I greet my daughters’ school supply lists with a mixture of excitement and dread. Excitement because I absolutely love school supplies: the smell of new pencils, choosing a fun backpack and lunchbox, the tidy box of crayons. And dread because I always end up spending way too much on supplies, and then I watch as, within weeks, our pristine supplies get lost and disheveled.

Especially after seeing all the unused or only partly used materials that came home at the end of last school year, I’m not particularly enthusiastic about dropping a boatload of money on brand-new stuff.

If, like me, you like to minimize the waste of supplies and their packaging when you’re doing your back-to-school shopping, here are some tips I have for keeping it in check. Don’t have school-aged kids? Good news: Most of these tips work for office supplies, craft materials, and more.

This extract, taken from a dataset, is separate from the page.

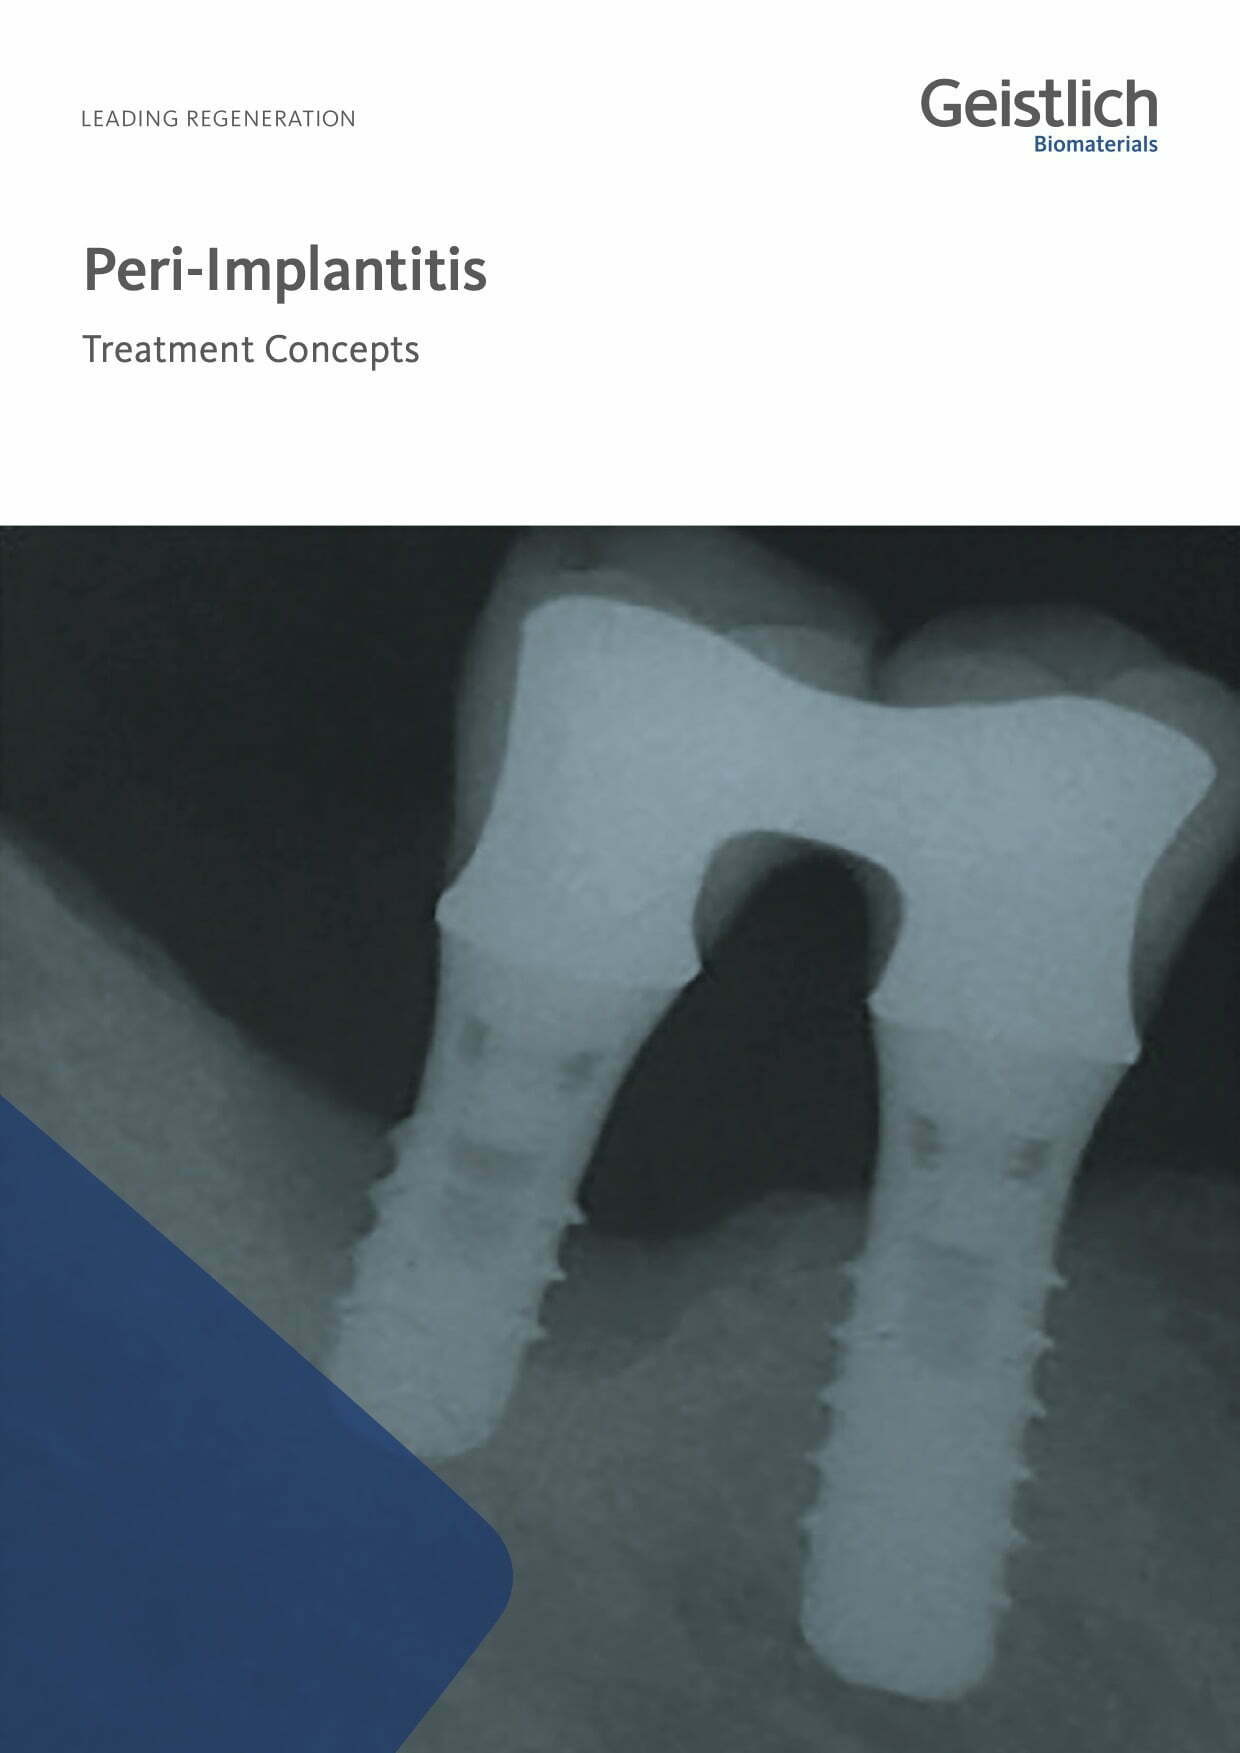 Treatment concepts for peri-implantitis

1. Buy in bulk. At one of my kids’ schools, instead of sending out a supply list, the school collects a materials fee from every student, and then orders the supplies altogether. This has many benefits: there’s a cost savings to buying in bulk, and a collective conservation of energy since individuals don’t have to drive around to their local stores amassing their gear. What’s more, since the supplies are packaged in bulk, there’s less packaging waste. Even if your school doesn’t do a program like this, you can get a bunch of friends together and place a similar bulk order to get the same benefits. Amazon has some great deals on large quantities of writing utensils, papers, and more.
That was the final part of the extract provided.